I can understand not agreeing with Republican social conservatism.
I can't understand being willing to pay the cost of Democrat fiscal policy.
Calculate how much lower your taxes would be under Republicans. Say $10k -$50k lower per year. Over ten years that is $100k-$500K in taxes. A little too expensive for me. I would rather "suffer" social conservatism than "enjoy" liberal fiscal policies.
Money doesn't buy happiness, but at least you can pick your misery.
Thanks.
It's fascinating how high a correlation there is at the state level between economic, social and foreign policy political orientation.
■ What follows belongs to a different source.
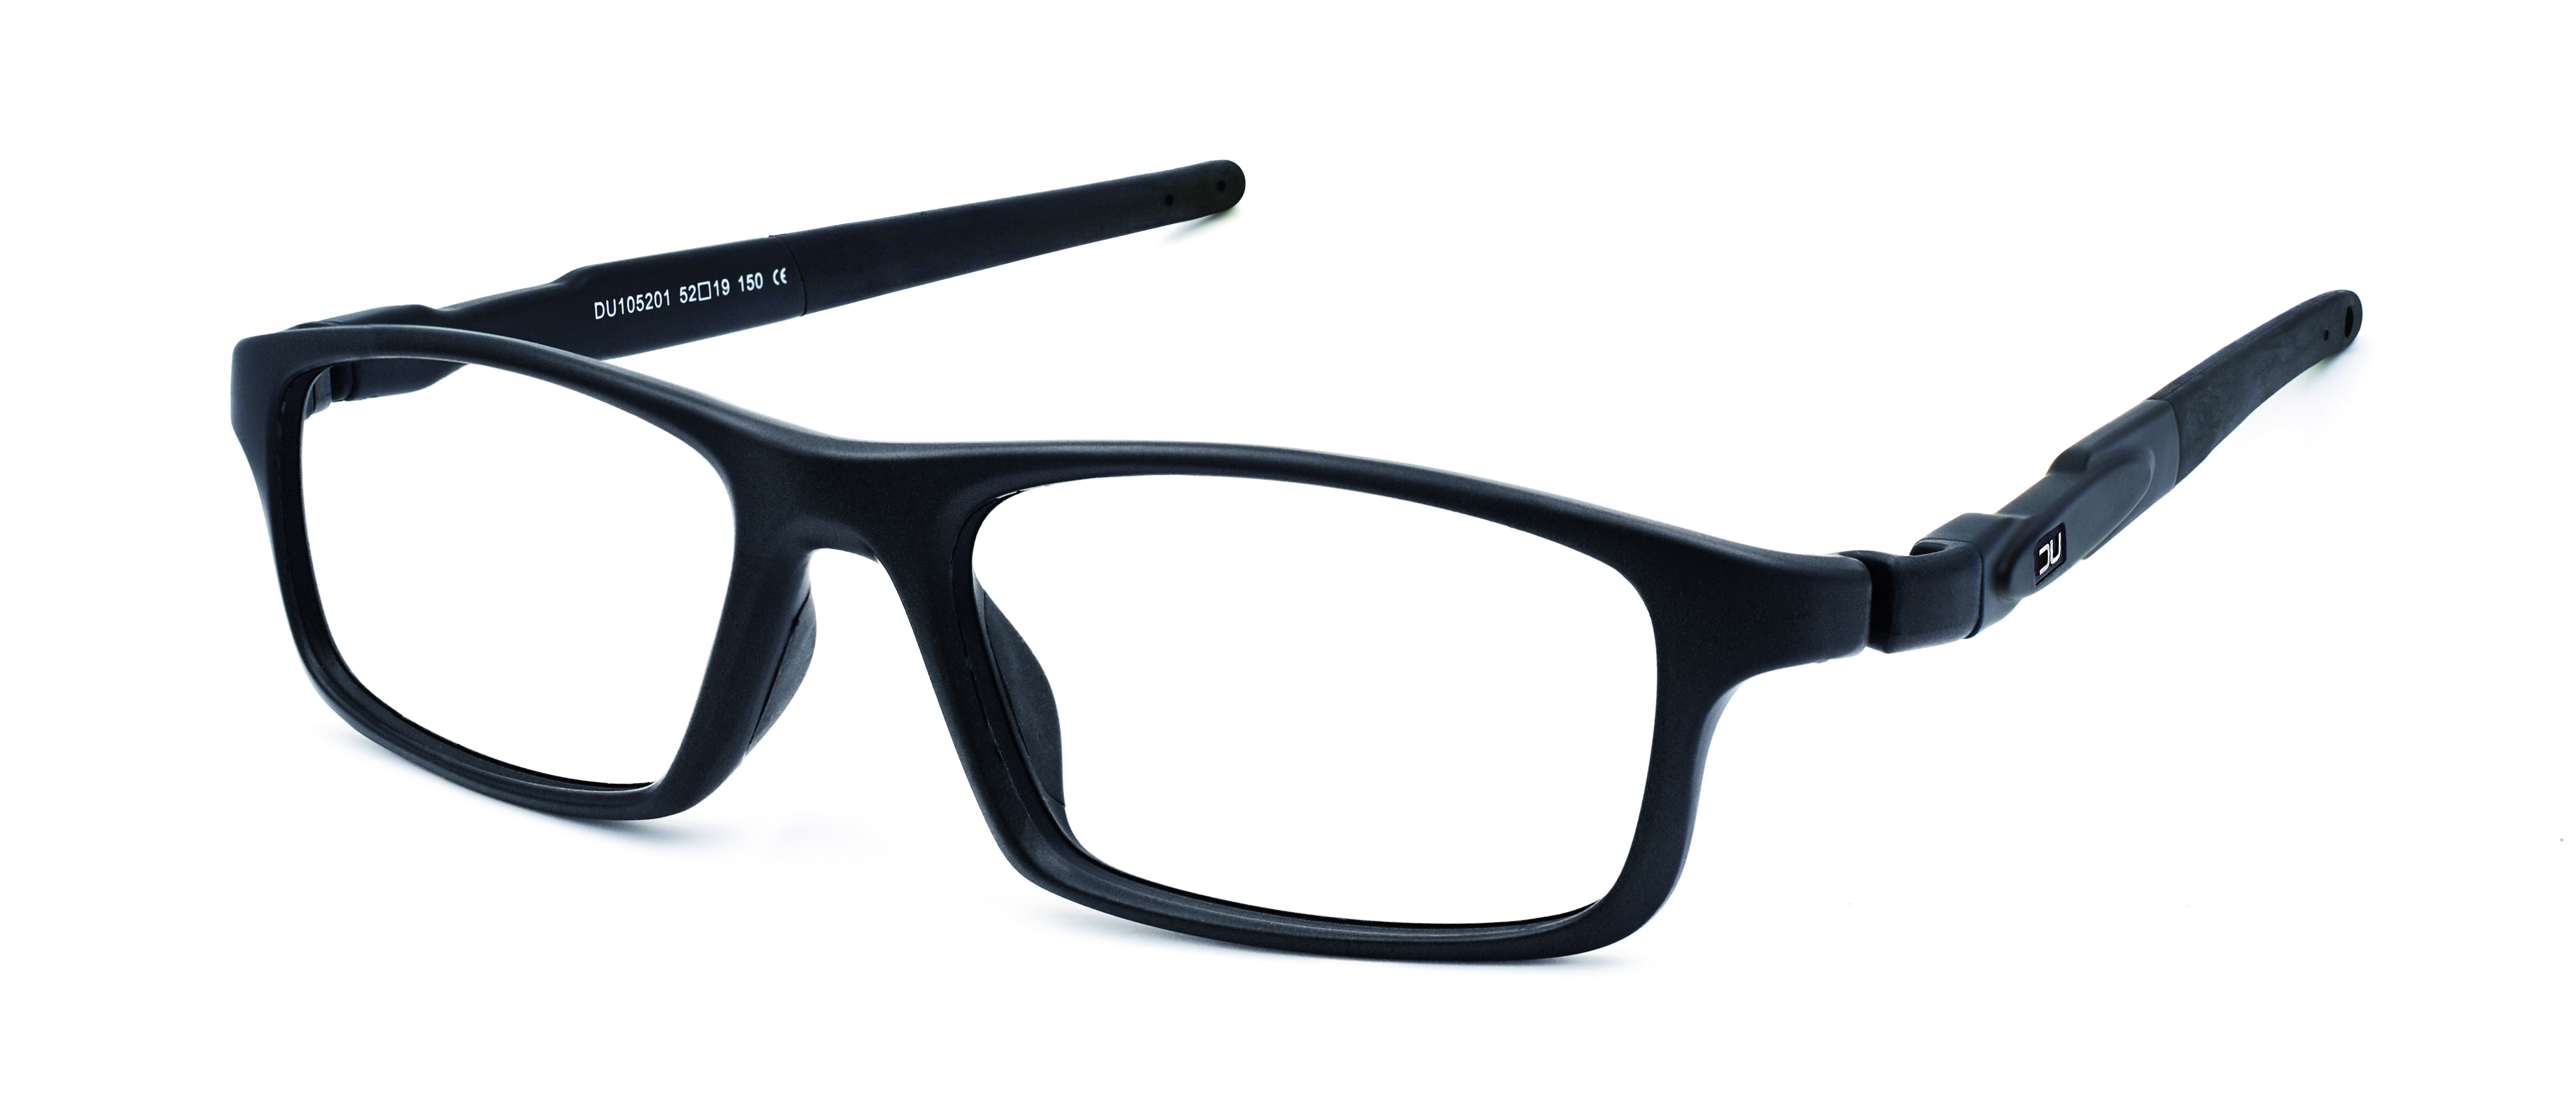 Se pueden devolver unas gafas graduadas multiópticas

Iowa and Nevada show up as somewhat idiosyncratic, but that's about it?
Could this be an artifact of how the National Journal decides whether a vote is conservative or liberal: i.e., by whether more Republicans or Democrats vote for it?
Steve,
I'm not a National Journal subscriber, so I don't have access to the methodology, but the teaser reads: "A panel of National Journal editors and reporters initially compiled a list of 167 key congressional roll-call votes for 2008 -- 79 votes for the Senate and 88 for the House -- and classified them as relating to economic, ..."
If these editors and reporters classified yays and nays prior to looking at how congressional members actually voted, the rating system would seem to have more validity as a genuine measure of political orientation than if votes were classified according to partisan alignment, which would render it more an exercise in observing party politics than anything else.
The methodology from last year is freely available, however, and it looks like determinations are made based on the tendency of members to vote the same as one another, although it's still not particularly clear to me exactly what that means.
To answer Steve Sailer's Nevada question. It is idiosyncratic because this study may not account for regionalism. NV is two staes: urban Las Vegas with liberal voting tendencies, strong unions and the majority of the state's racial minorities. The rest of the state is white and dominated by tradtional Western economic interests and social mores. NV is like Wyoming with a small L.A. plopped into it.